**Assignment**
Copy out the lines beginning at the one with "Alpine village Findeln" and ending at the last line of the data, both included; pictures stay out.

━━━━━ Recorded data ━━━━━

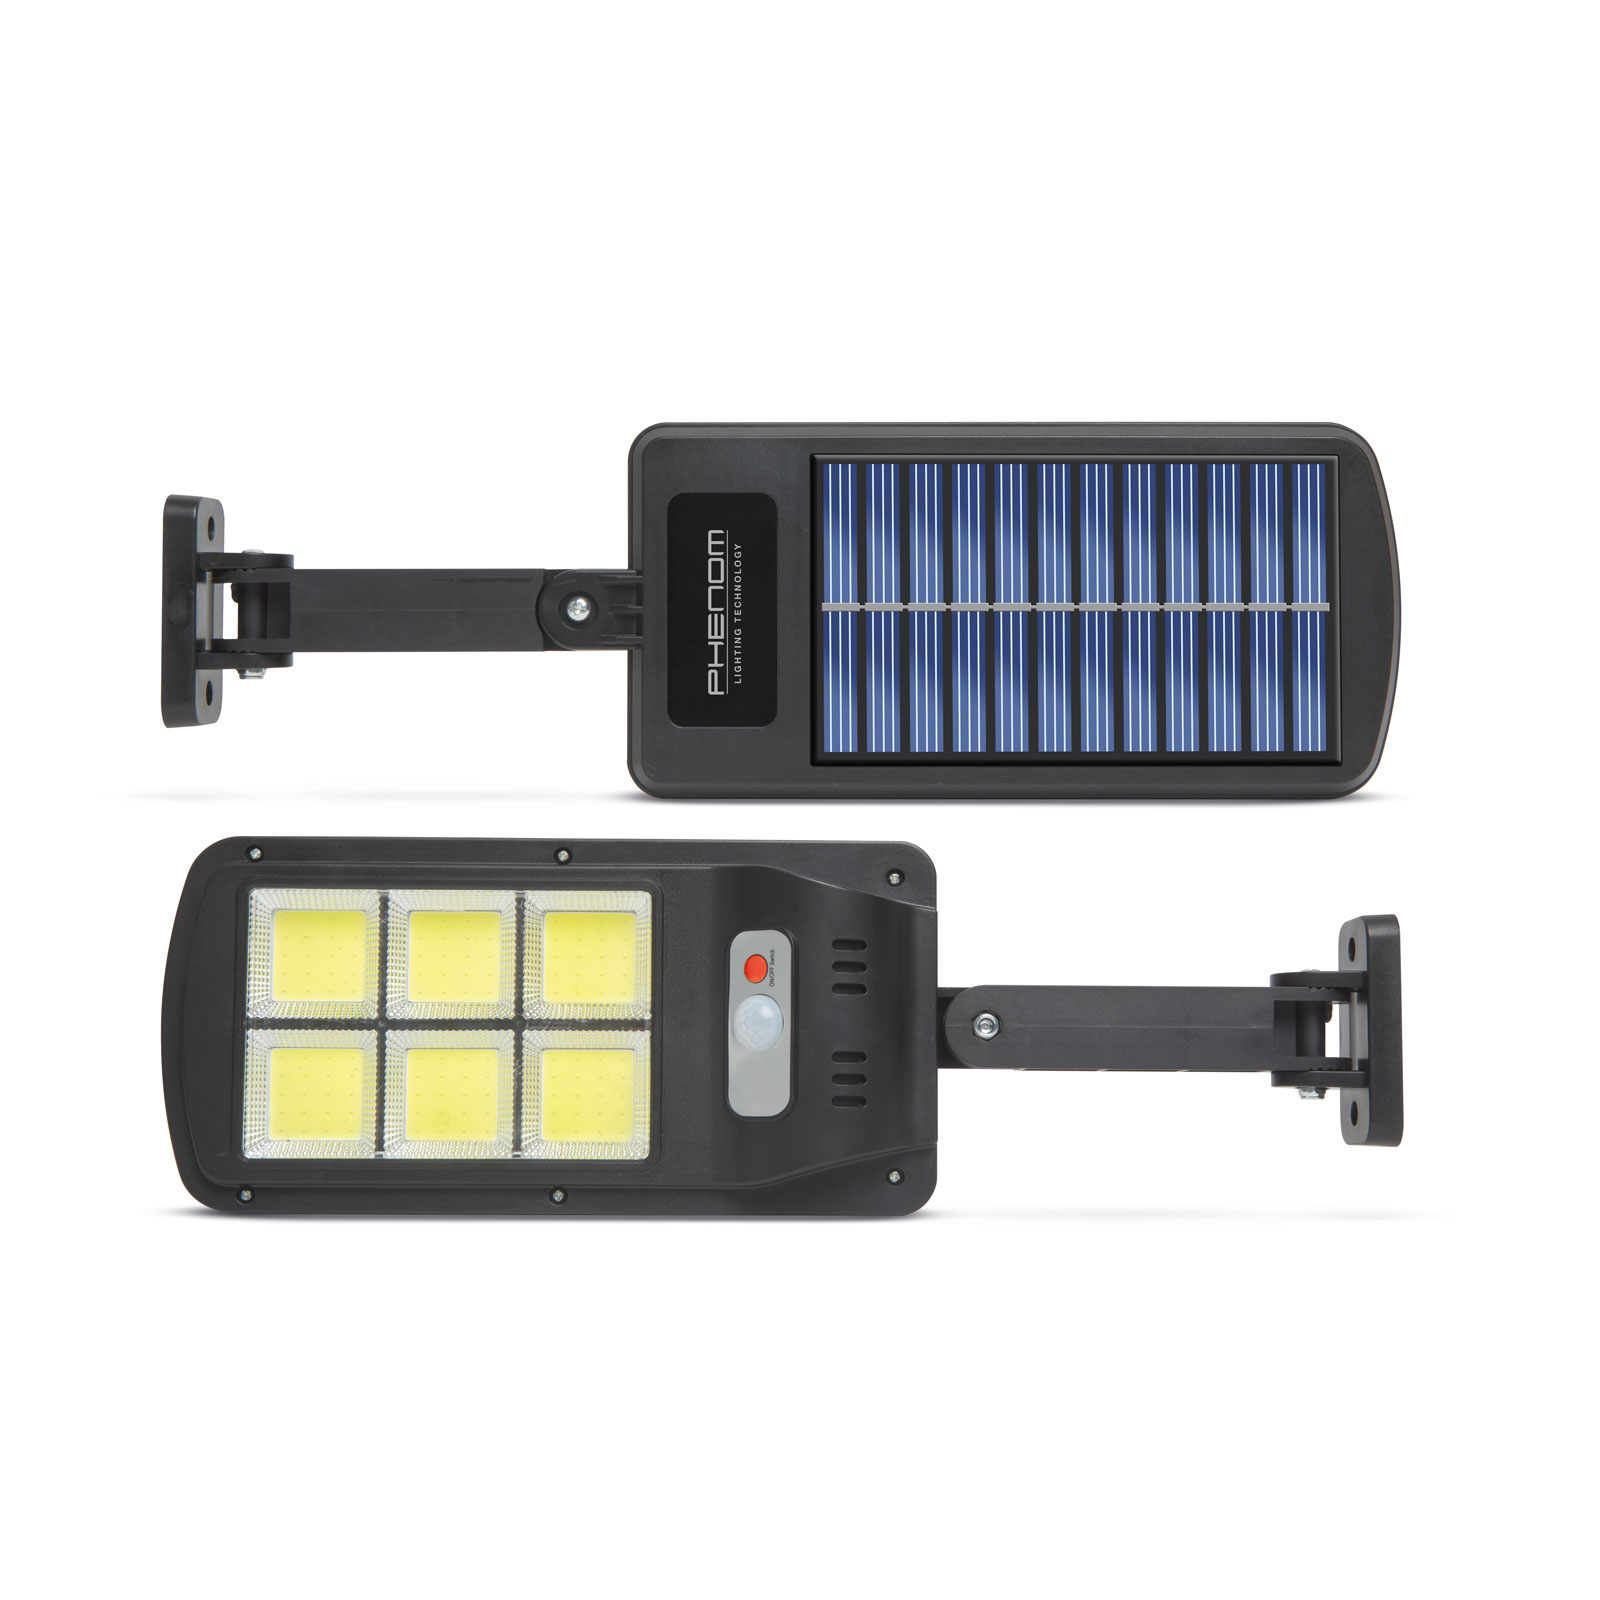 Reflector solar cu senzor de miscare - perete - 6 LED-uri Best CarHome
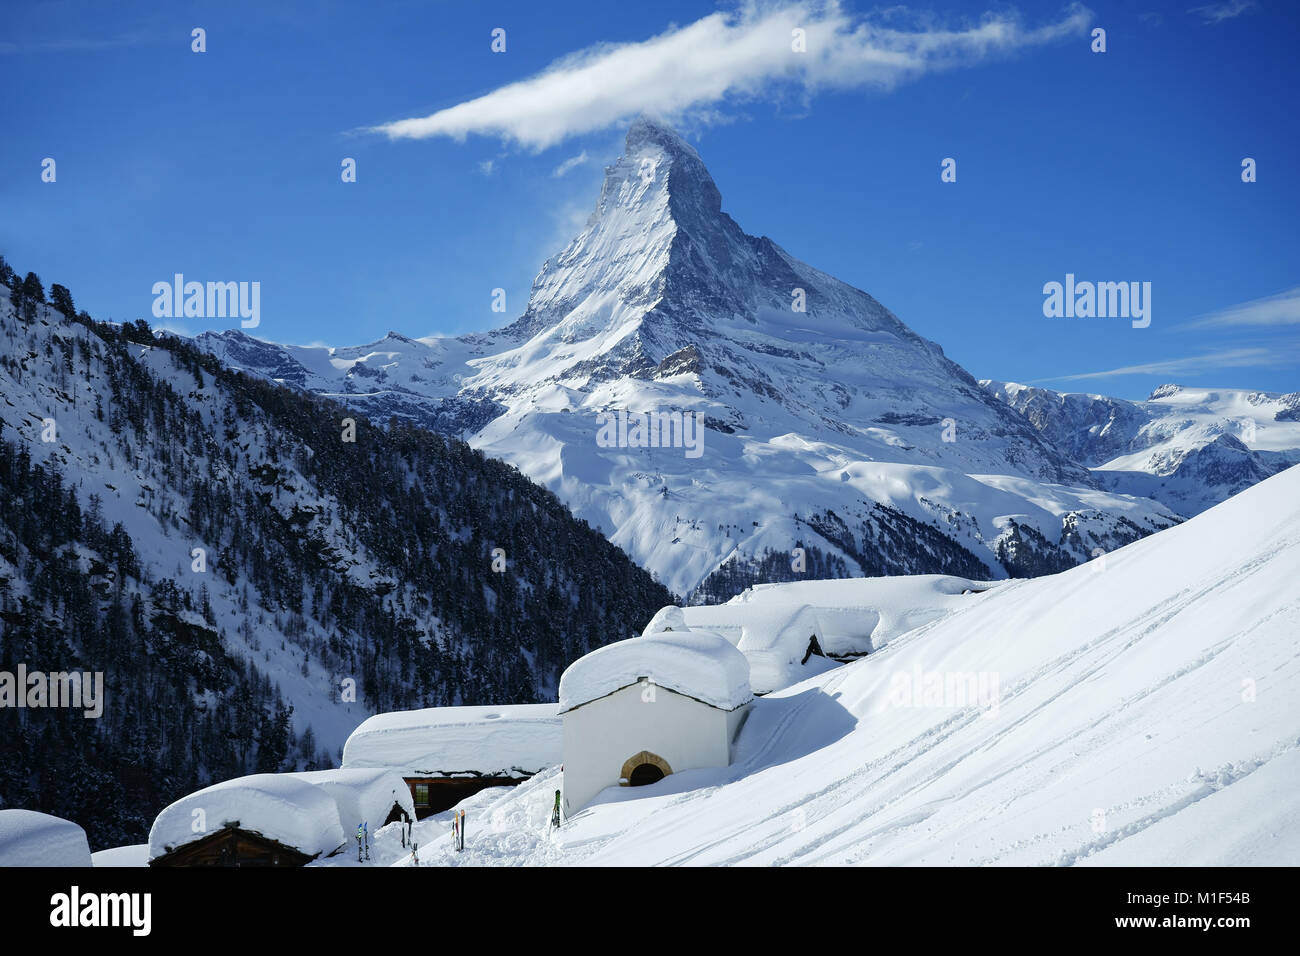 Alpine village Findeln below Sunnegga, Zermatt with Matterhorn, winter, Valais alps, Switzerland Stock Photo
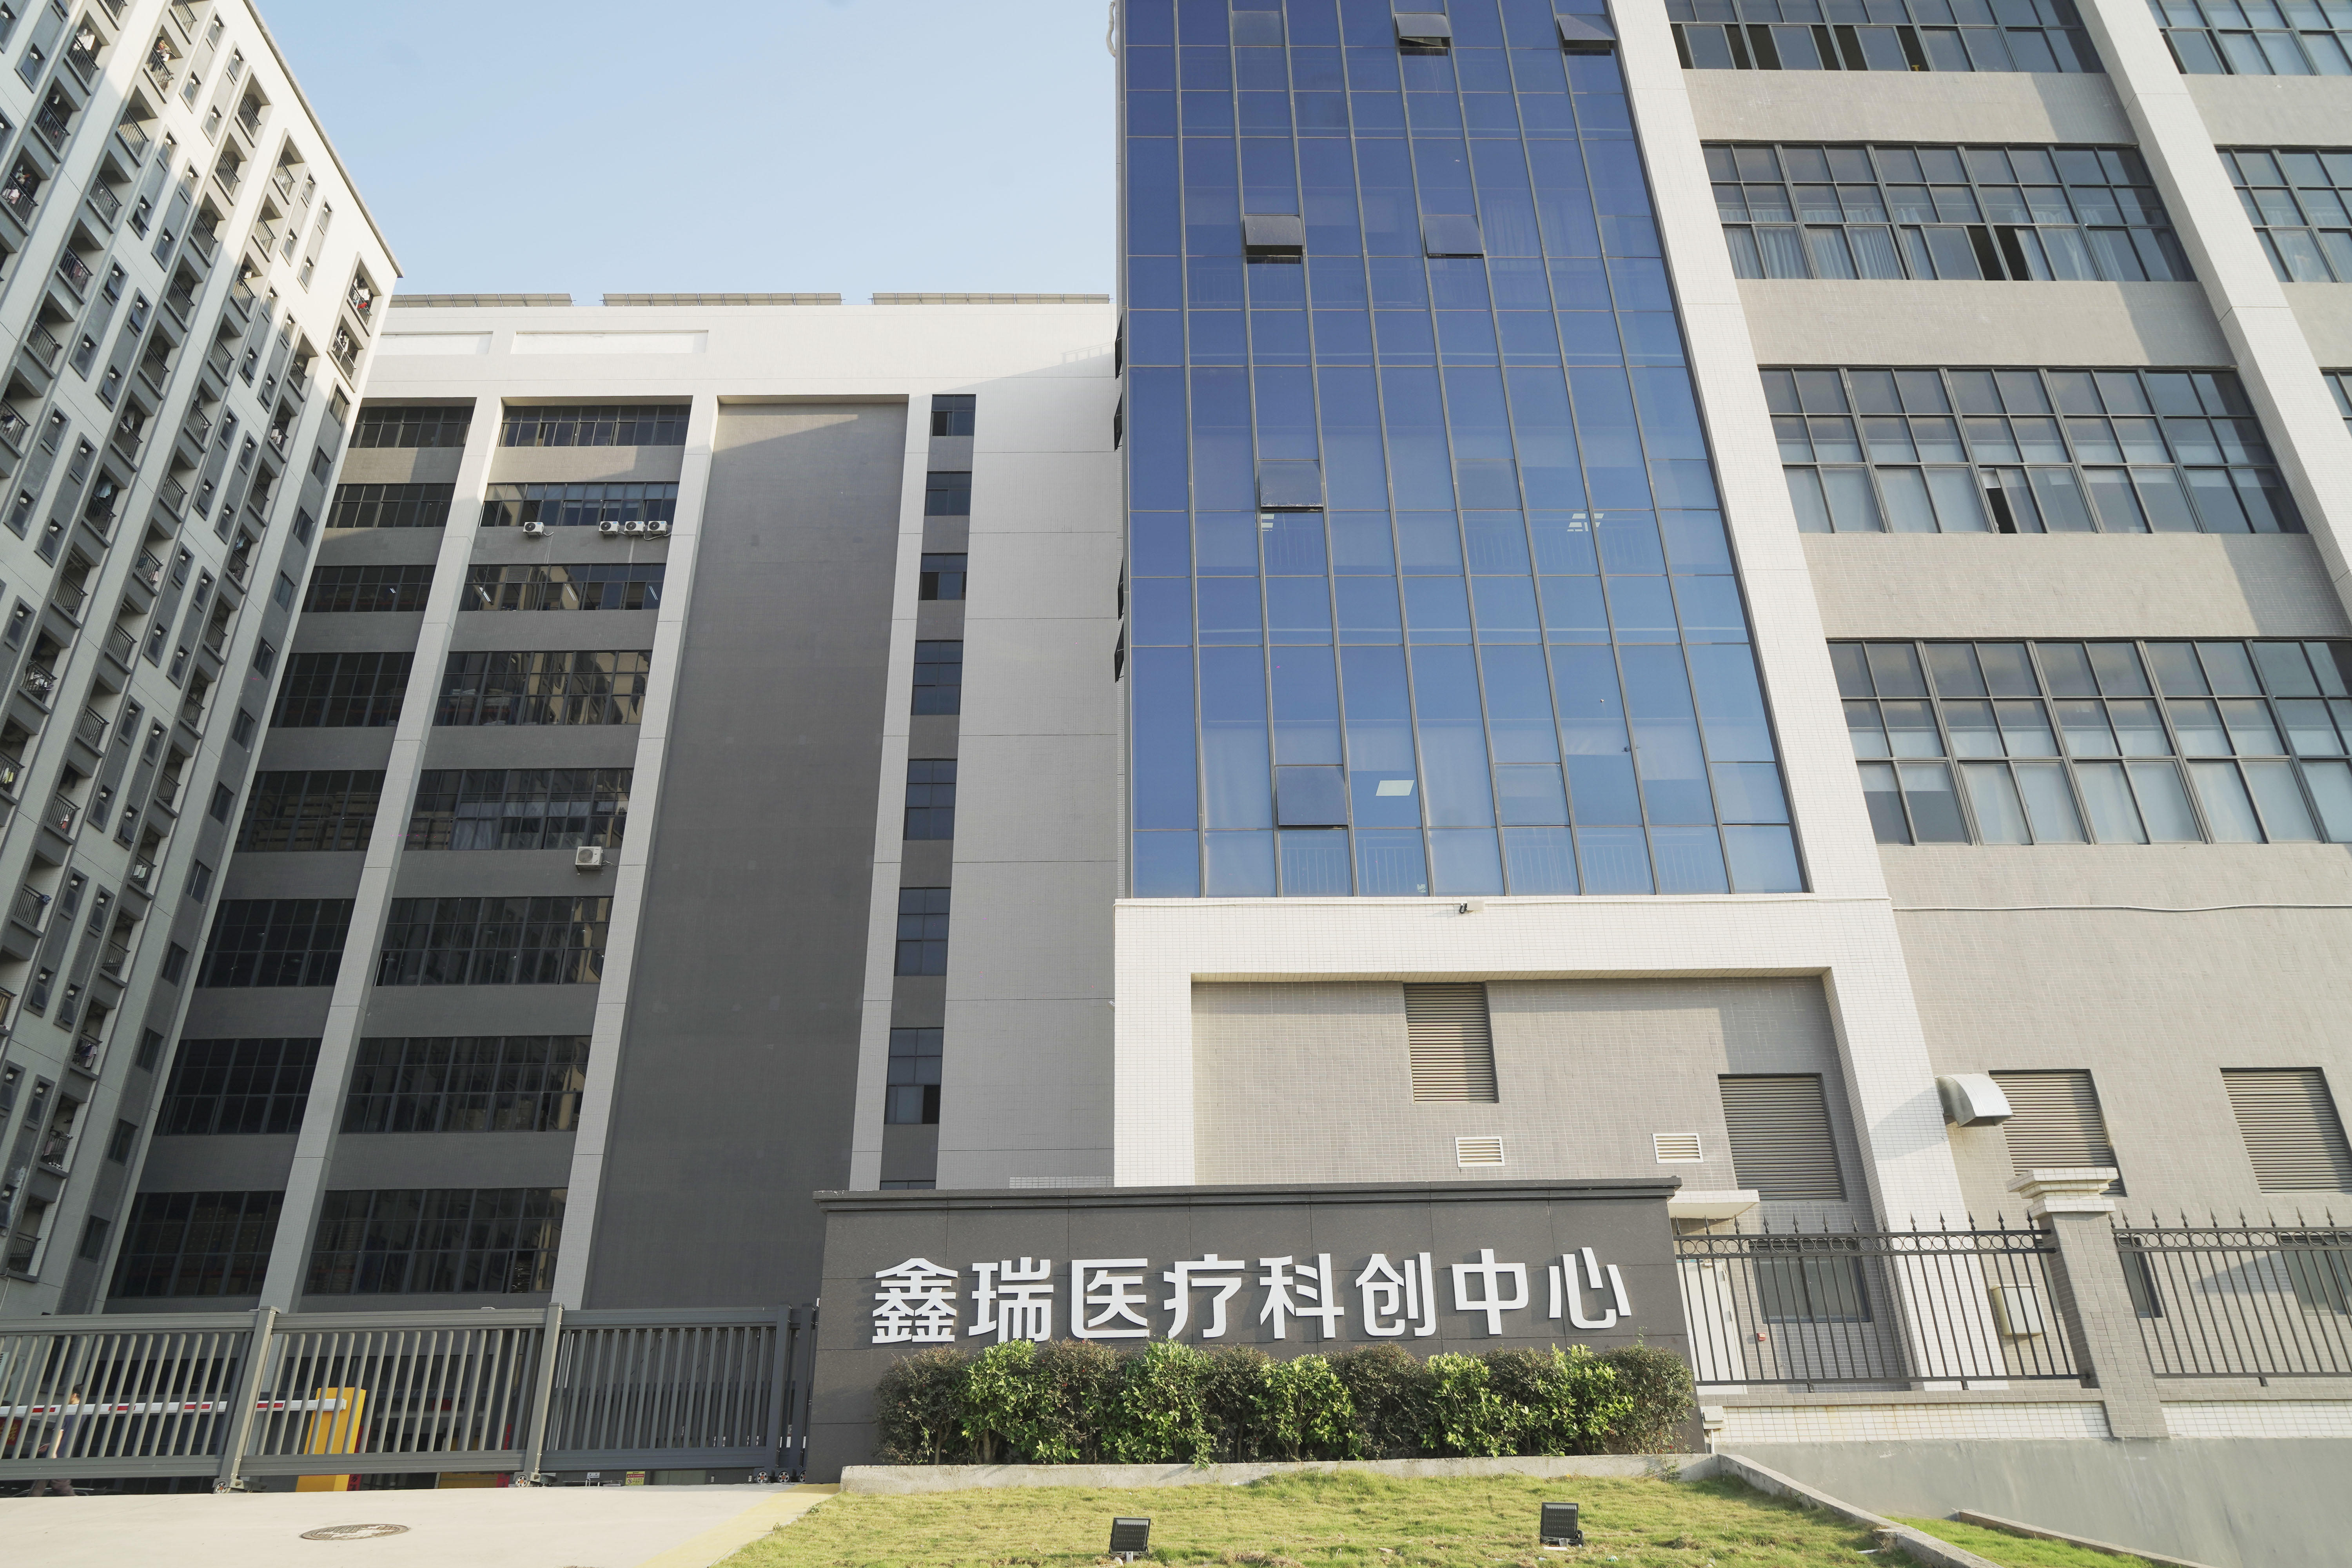     Huizhou Xinrui Medical Technology Co., Ltd

━━━━━

**Result for this task**
 Alpine village Findeln below Sunnegga, Zermatt with Matterhorn, winter, Valais alps, Switzerland Stock Photo
     Huizhou Xinrui Medical Technology Co., Ltd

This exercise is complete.